What you return should be the complete data below, word for word, with no pictures in it.

- **Given data**:

= = = = = = =

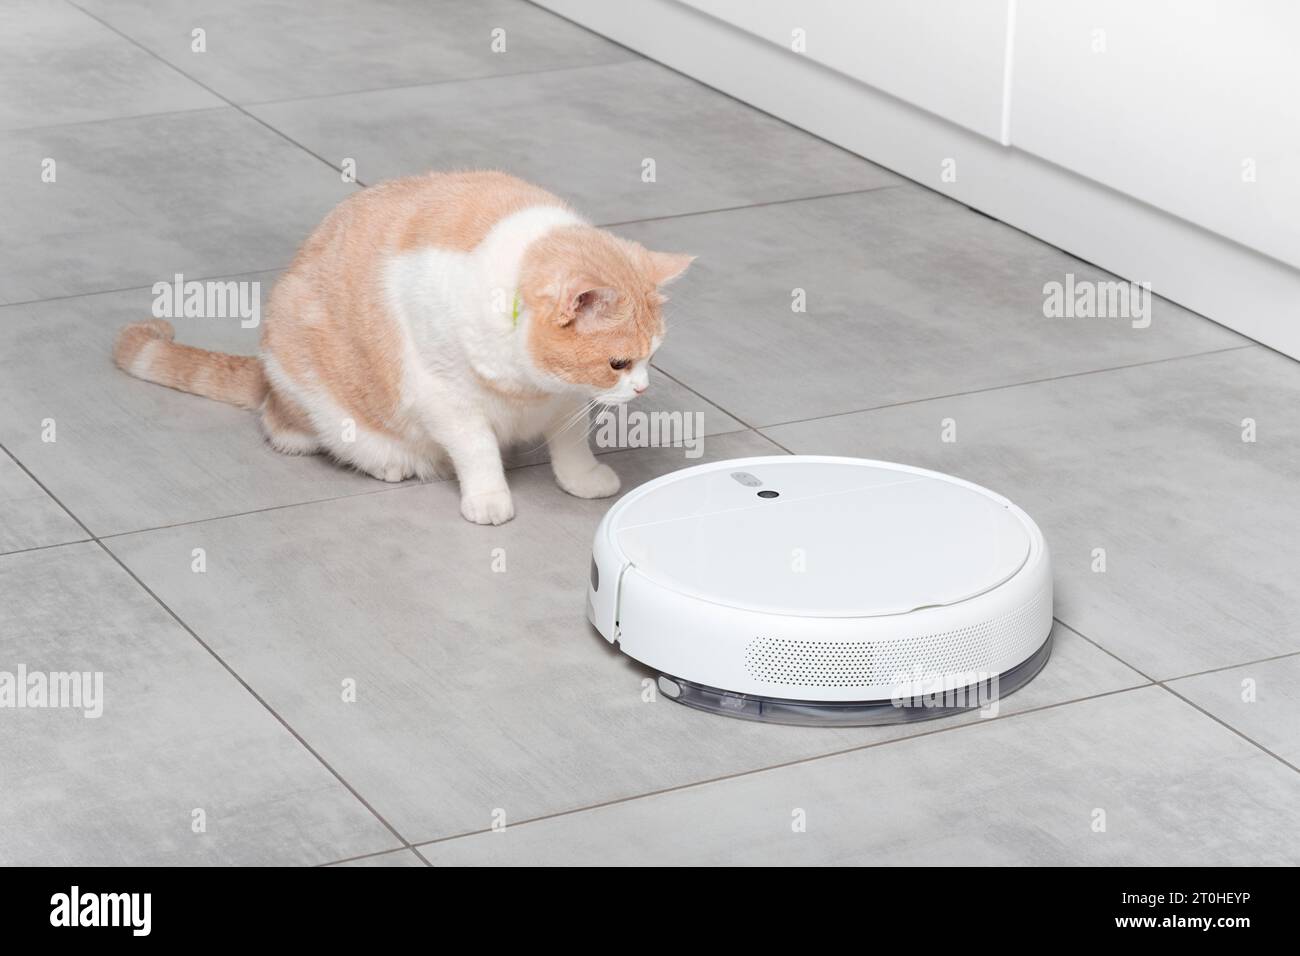 Ein waschender weißer Roboter-Staubsauger reinigt die Küche, eine schöne flauschige schottische gerade beige Katze sieht überrascht aus. Reinigung mit Beton ti Stockfoto
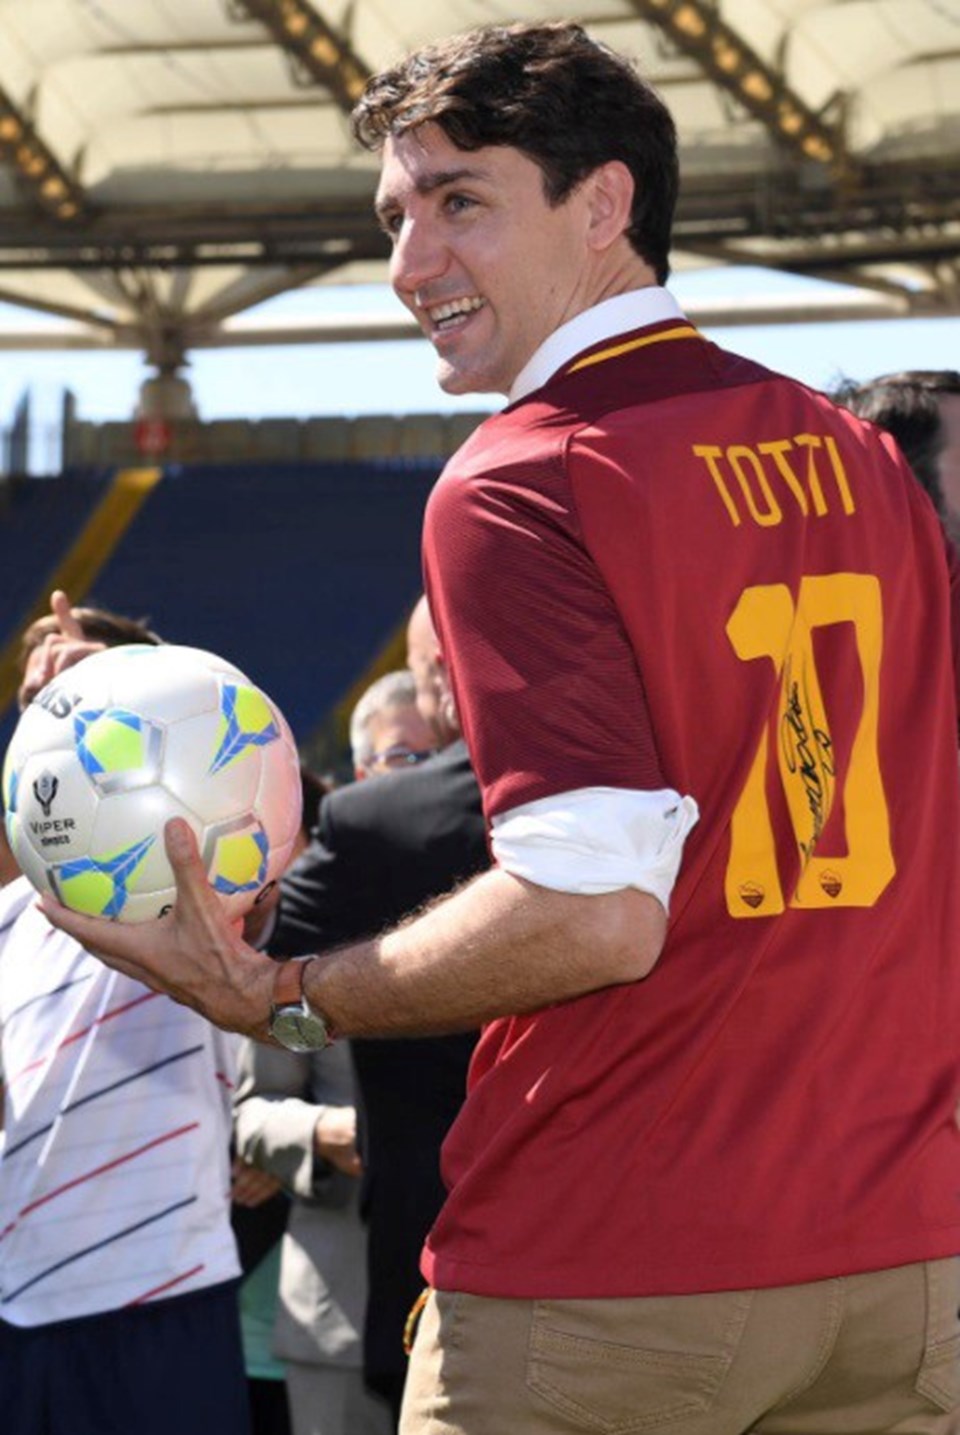 Kanada Başbakanı, Totti'nin formasını giydi - 1
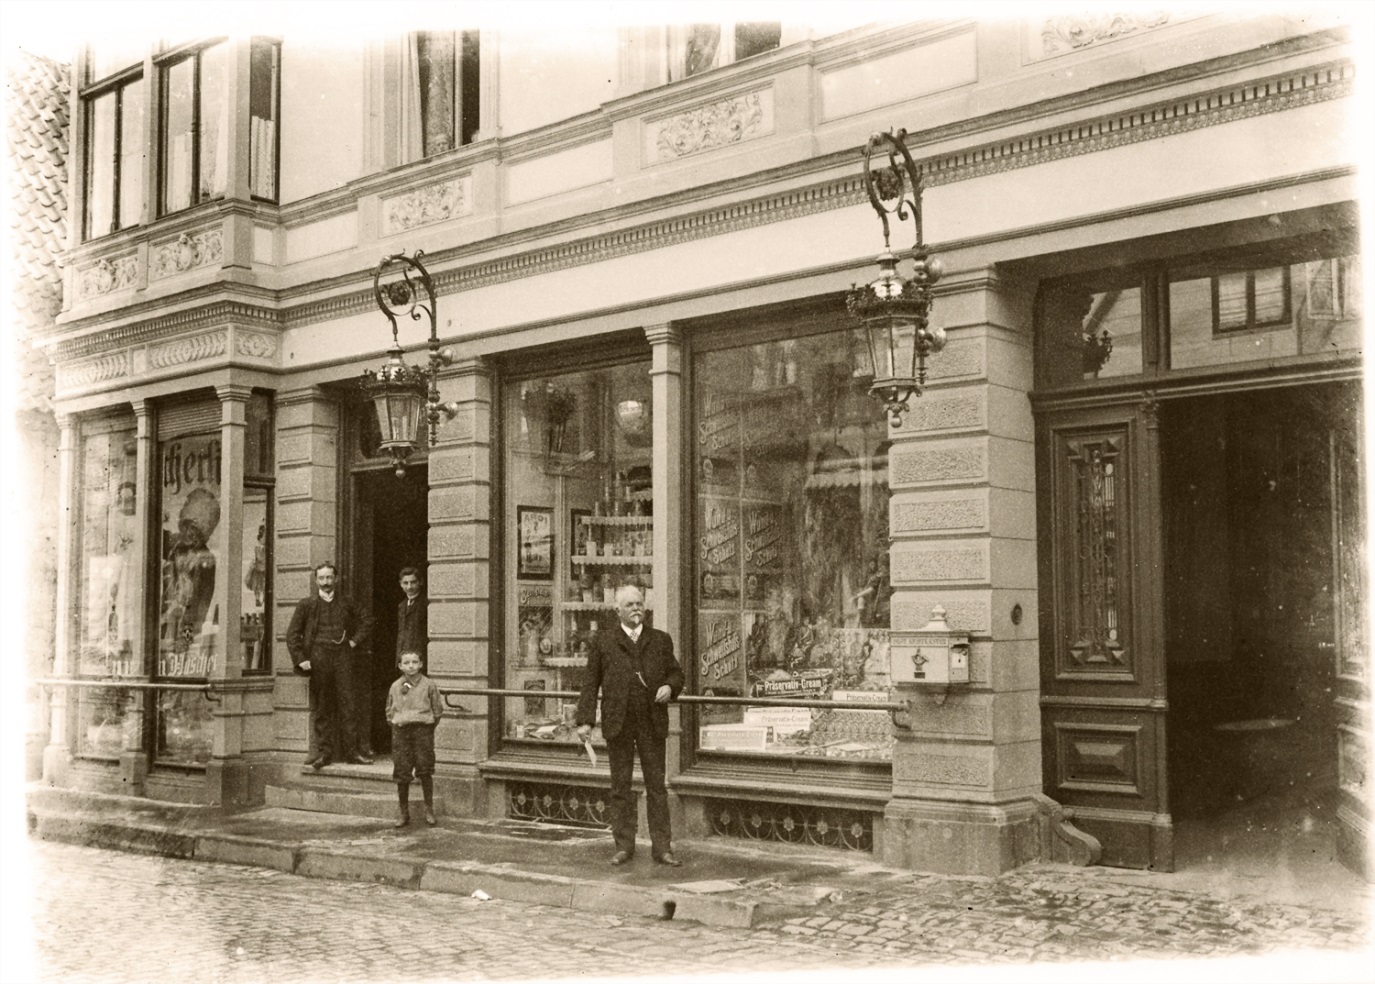 GEHWOL-Erfinder Eduard Gerlach (der Ältere) vor seiner Drogerie in der Langen Straße in Lübbecke.

= = = = = = =

- **Task response**:
 Ein waschender weißer Roboter-Staubsauger reinigt die Küche, eine schöne flauschige schottische gerade beige Katze sieht überrascht aus. Reinigung mit Beton ti Stockfoto
 Kanada Başbakanı, Totti'nin formasını giydi - 1
 GEHWOL-Erfinder Eduard Gerlach (der Ältere) vor seiner Drogerie in der Langen Straße in Lübbecke.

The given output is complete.